I'm assuming this means the app never even attempted to start.
@aullom1 this could point towards a configuration issue inside the pod. Do you see any useful system log output using journalctl?
@tommcdon I'll need to work with someone else to get an updated image pushed to our ACR. It probably won't be until next week that it happens.
For anyone following along who wants to add dotnet-dump
to their final image, you might need to do something like this from the SDK image.
FROM mcr.microsoft.com/dotnet/aspnet:6.0 AS base
...
FROM mcr.microsoft.com/dotnet/sdk:6.0 AS build
...
FROM build AS publish
# Get the dotnet-dump command
RUN wget -O /bin/dotnet-dump https://aka.ms/dotnet-dump/linux-x64 && \
chmod +x /bin/dotnet-dump
...
FROM base AS final
COPY --from=publish /bin/dotnet-dump /bin/dotnet-dump
@tommcdon It seems I can't run dotnet-dump in my container. I either get kicked out, or the process gets killed. I tried it in another cluster where .NET 6 works, and I had no problem.
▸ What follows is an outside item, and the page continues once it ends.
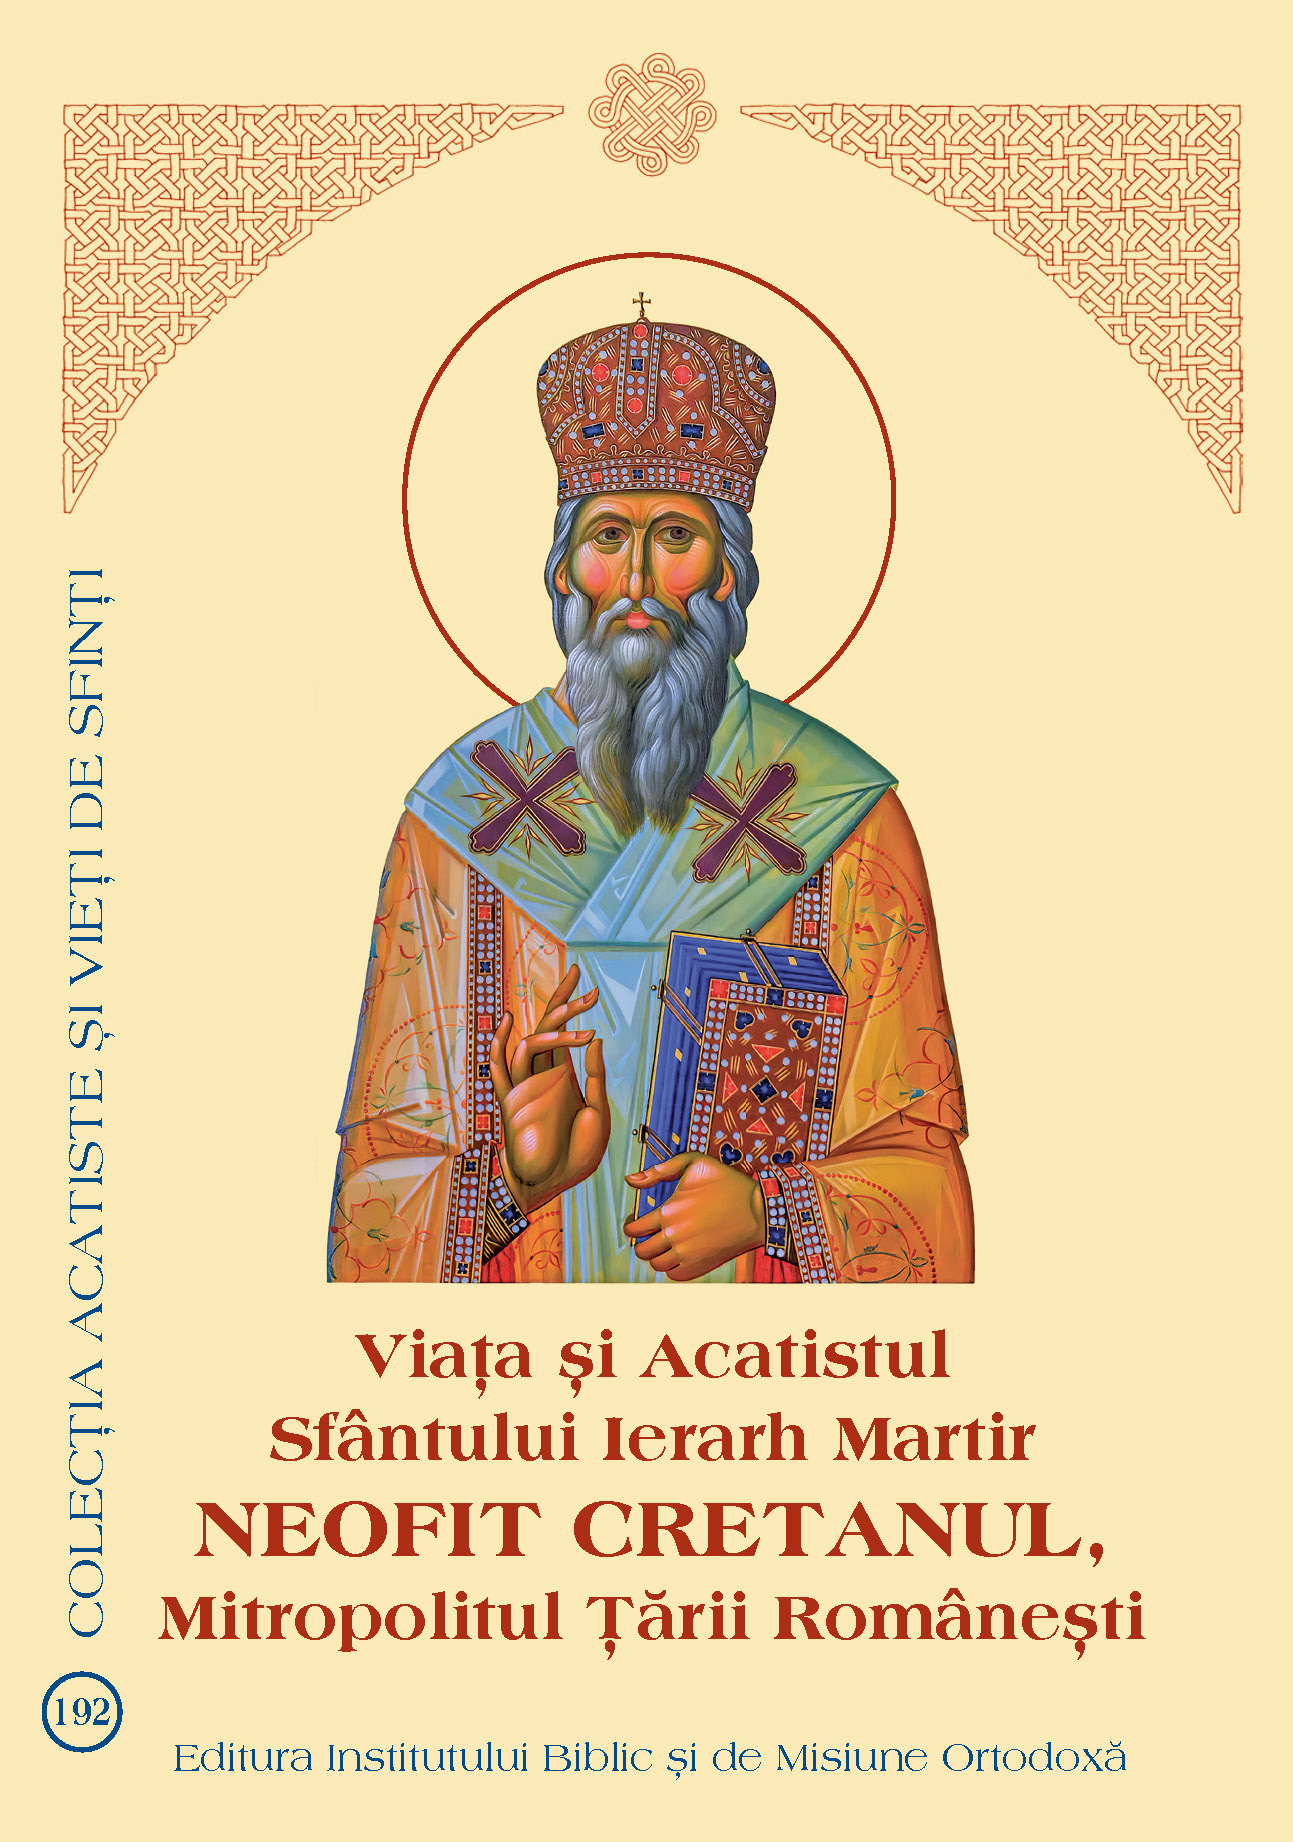 Viaţa şi Acatistul Sfântului Ierarh Martir Neofit Cretanul, Mitropolitul Țării Românești

This was my attempt in the non-functional cluster.
AtlasAdmin@atlastestpage-6795df47b6-jb2n4:/app$ dotnet-dump ps
command terminated with exit code 137
aullom1@WMDW10750825:/c/git/AaronTest/AaronTest.Api$ k -n atlastestpage exec --tty --stdin atlastestpage-6795df47b6-jb2n4 -- /bin/bash
AtlasAdmin@atlastestpage-6795df47b6-jb2n4:/app$ dotnet-dump --help
Killed
Do you happen to know what version of the kernel and what seccomp/apparmor profiles have been use for deployment? dotnet dump requires ptrace and it tries to use a couple of read calls using process_vm_readv
that decay to pread64
if the call is not allowed in the seccomp profile.
I don't think we're using apparmor. I should see an annotation for something like this, right? I don't see one in the pod spec.
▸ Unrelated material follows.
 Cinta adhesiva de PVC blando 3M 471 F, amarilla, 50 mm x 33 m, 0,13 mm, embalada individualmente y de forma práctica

container.apparmor.security.beta.kubernetes.io/v5: runtime/default
RE: dotnet-dump Do you know if you modify the seccomp profile at all? I need to check what AKS's OCR does for the defaults (I can't recall what containerd does here). Also, you mentioned that your test environment works just fine. Does dotnet-dump work there? And is this test environment also in AKS? If so, what's the difference between that and prod? Mostly just PrismaCloud and such?
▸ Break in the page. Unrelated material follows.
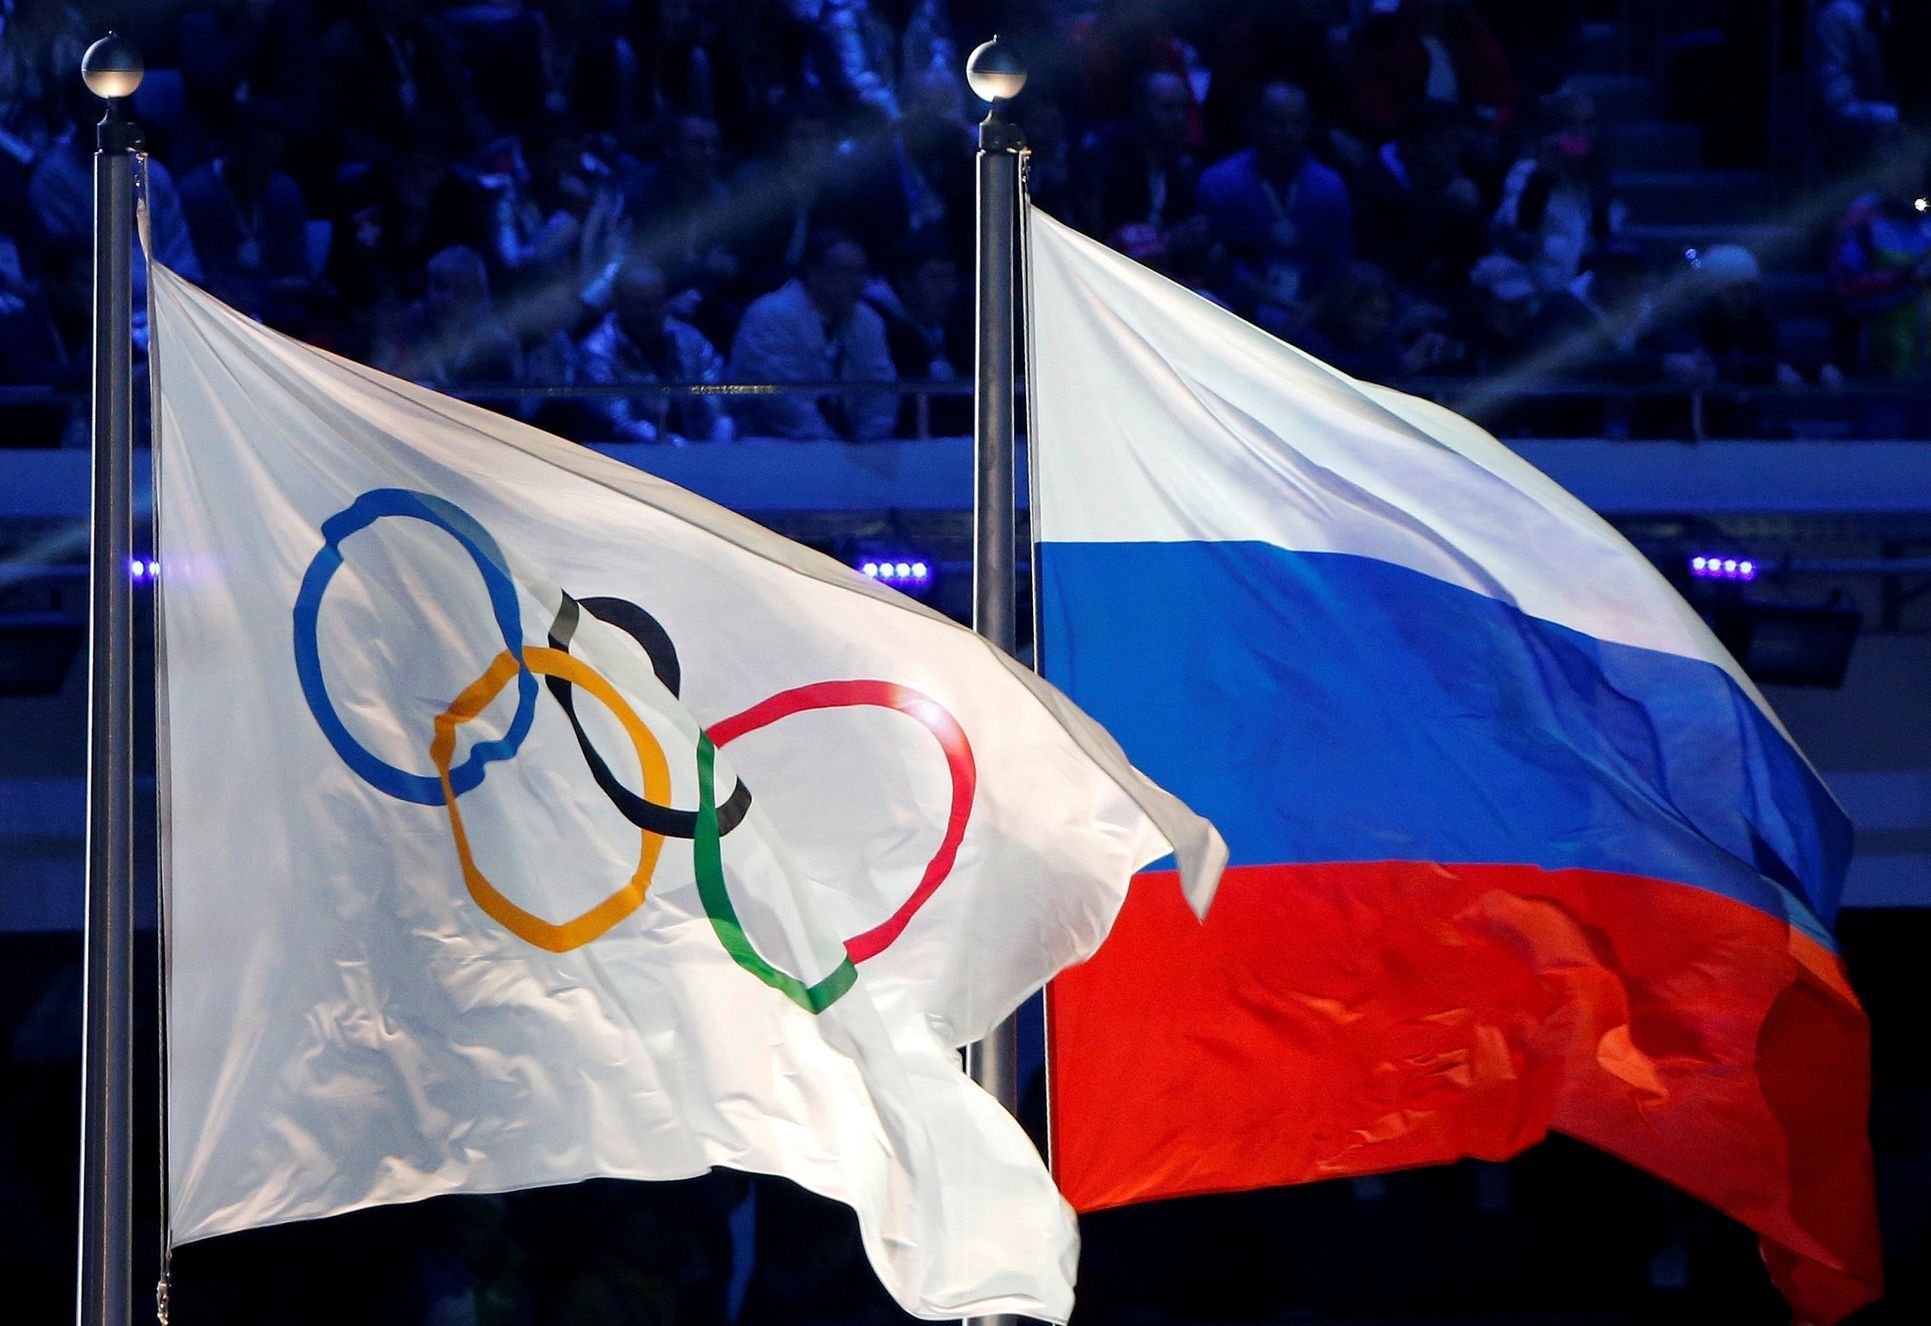 olympijské hry 2014, Soči, Rusko, vlajka

As for your startup: The table you posted seems to hint that same version of K8's + same OCR works on some and fails on others, right? What are the differences between the container images?
As far as I know we are not modifying seccomp. I don't really know what this is/does, so I checked with the team that defined the AKS infra, and they are of the opinion that we don't mess with it.
In the test environment (also AKS) dotnet-dump works just as expected. I have compared the ARM between a working and not working AKS environment, and the only differences are with names, IDs, and other unique fields. None of the meaningful configuration is different. I repeated the process with various manifests from Kubernetes (app deployments, ingresses, services, configmaps, pod identities), and again there are no differences.
As for PrismaCloud, nothing stays the same in IT, and we have now migrated to Aqua. Our test and prod environments are covered by the same policies in Aqua, and we see nothing in Aqua to indicate the image or container were blocked. The image itself resides in our private ACR, and it is pulled from that ACR for both test and prod, so there should be no differences between container images.
I see messages like this from dmesg
in pods that don't work. I can't find anything similar in pods that do work.
Memory cgroup out of memory: Killed process 9378 (dotnet) total-vm:5225372kB, anon-rss:296300kB, file-rss:73236kB, shmem-rss:48kB, UID:101 pgtables:1272kB oom_score_adj:990
I don't understand how it could be out of memory. The pod is using less than 300Mi of the 500Mi requested.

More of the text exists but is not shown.